* SOURCE MATERIAL

════════

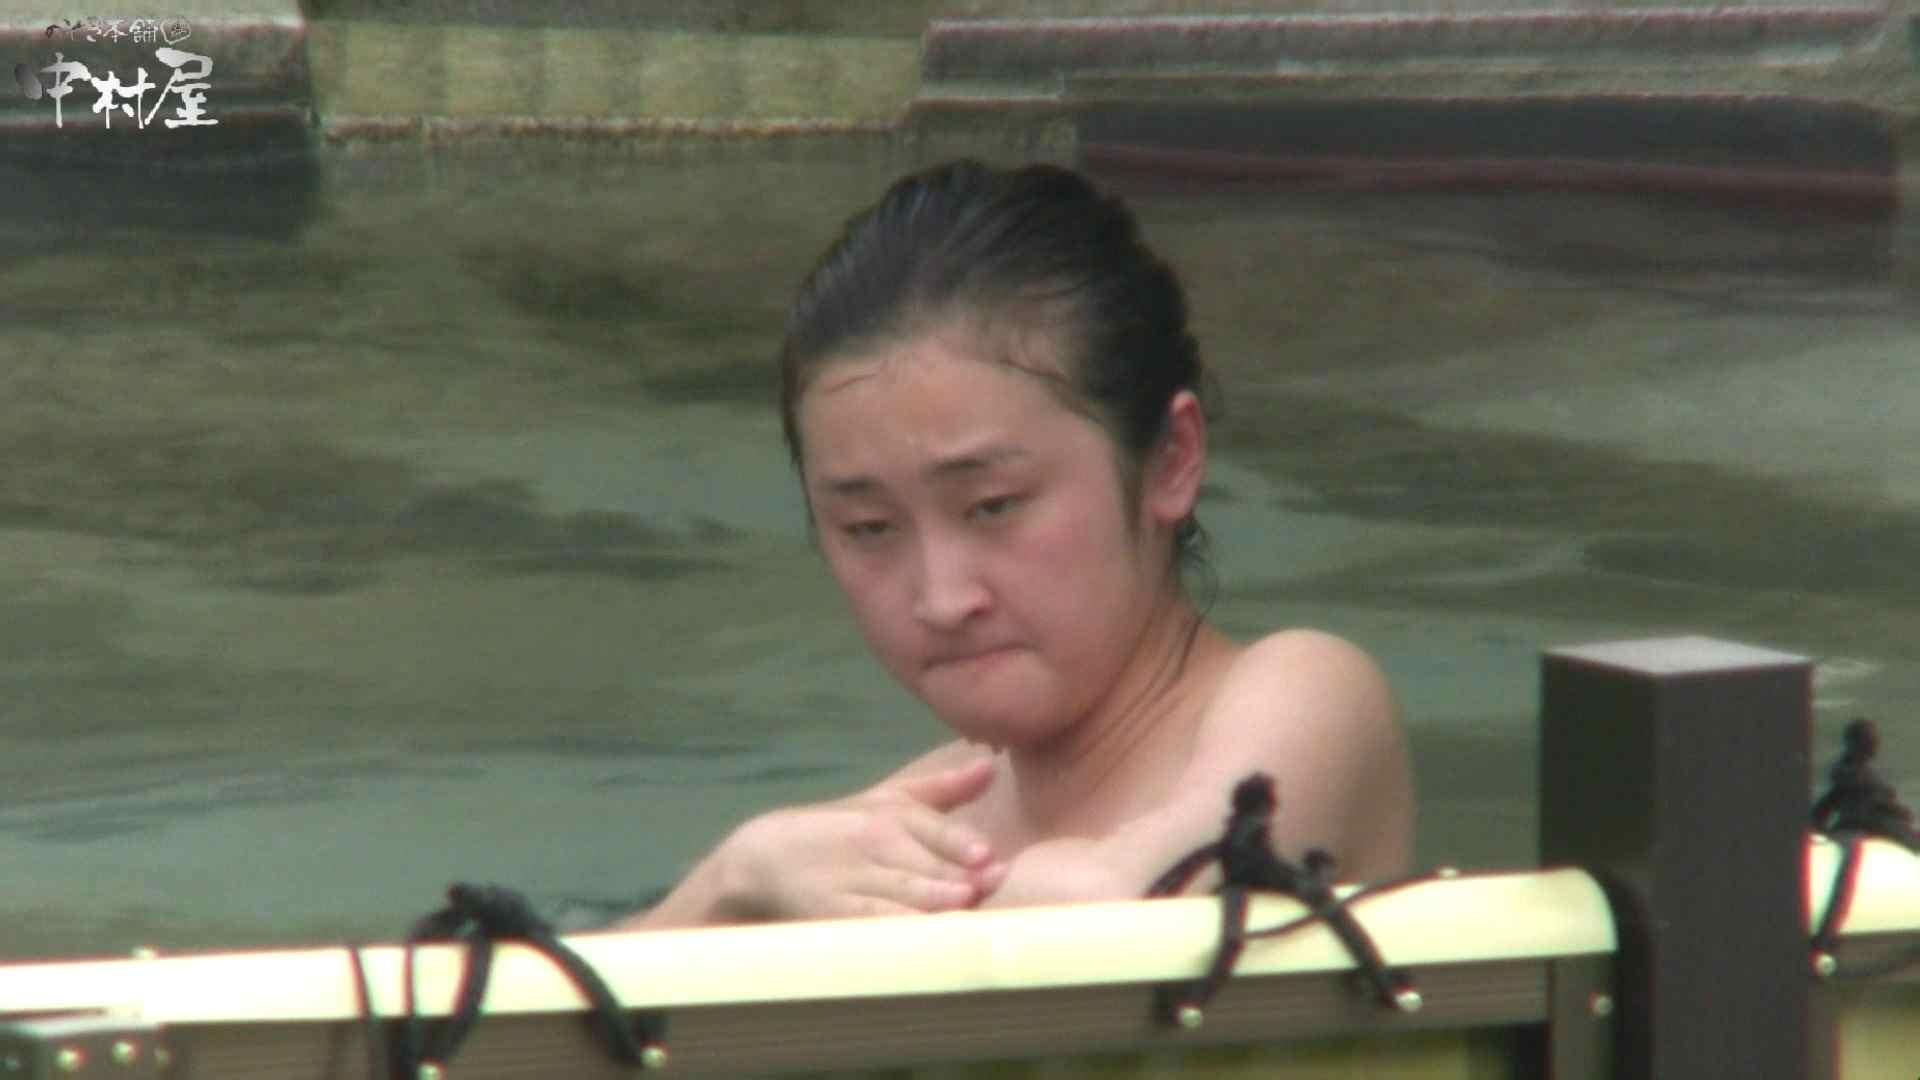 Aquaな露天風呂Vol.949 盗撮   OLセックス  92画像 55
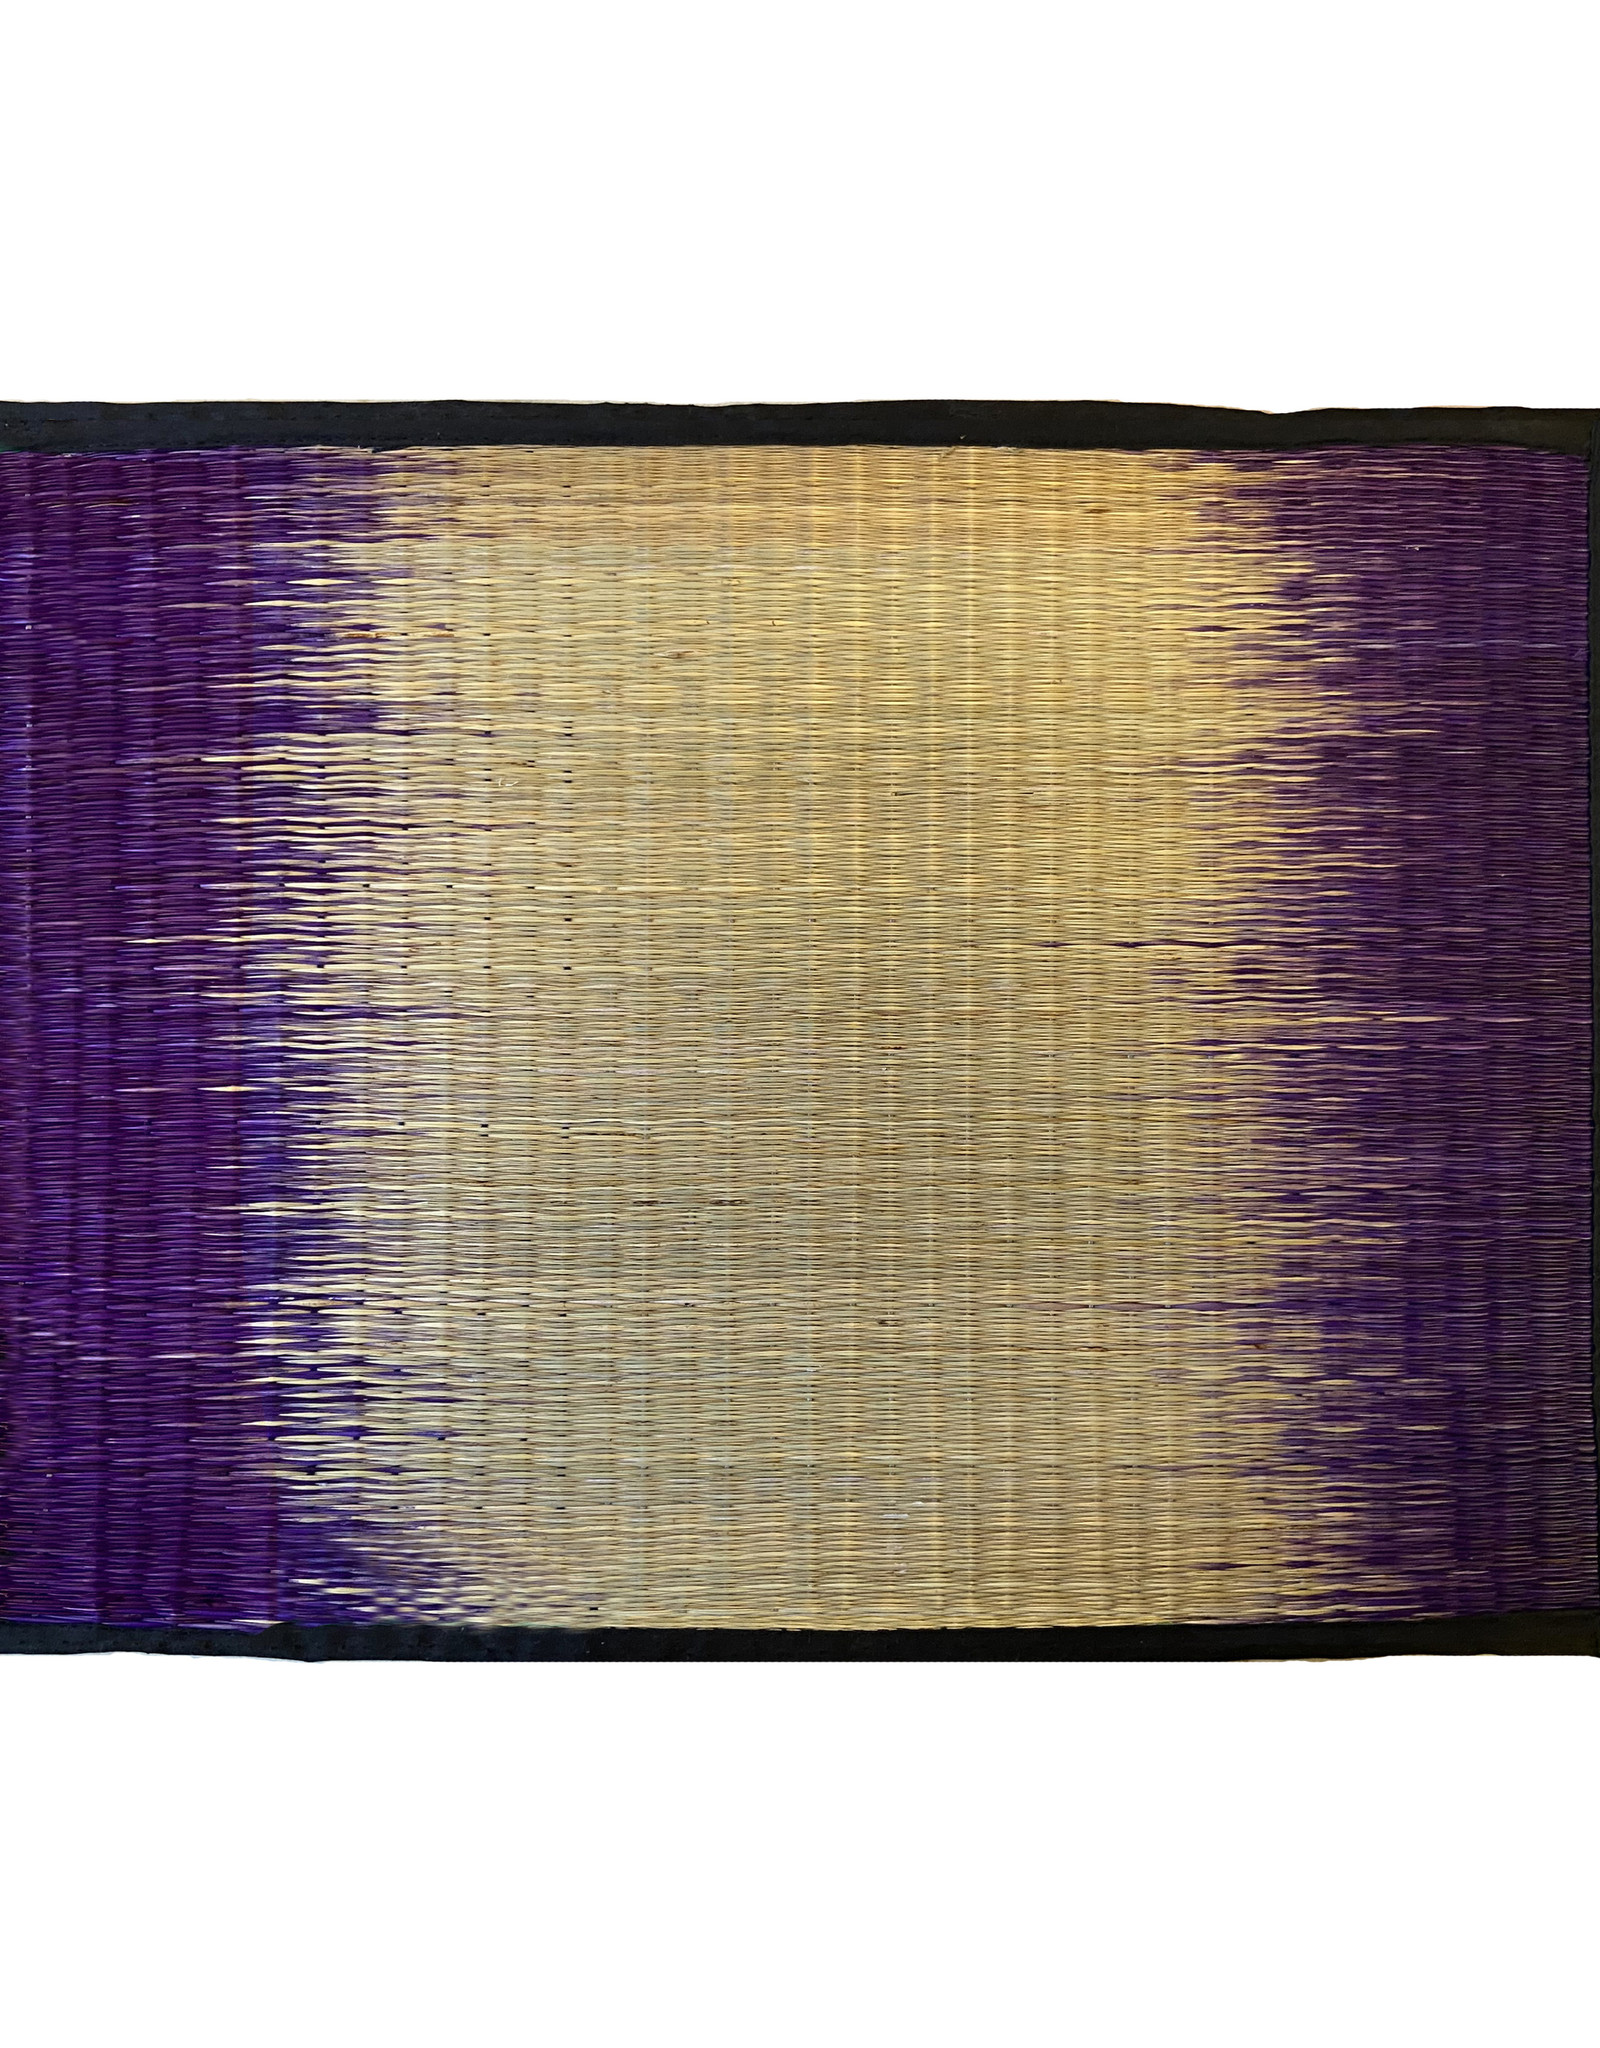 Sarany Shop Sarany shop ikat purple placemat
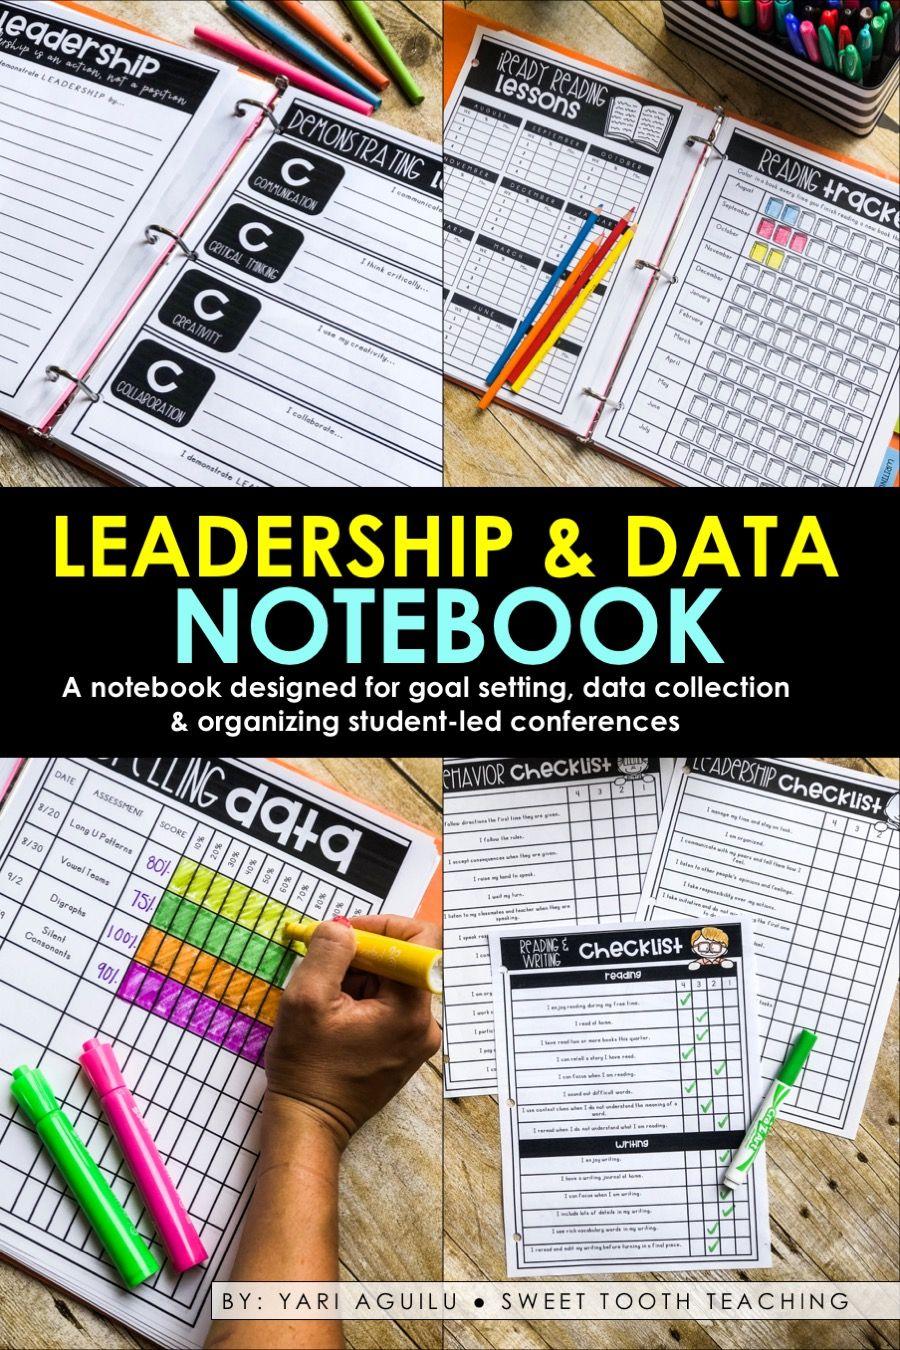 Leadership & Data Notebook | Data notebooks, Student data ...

════════

* WORK TO BE COMPLETED
Drop the images and return the data verbatim.

* YOUR RESPONSE
 Aquaな露天風呂Vol.949 盗撮   OLセックス  92画像 55
 Sarany Shop Sarany shop ikat purple placemat
 Leadership & Data Notebook | Data notebooks, Student data ...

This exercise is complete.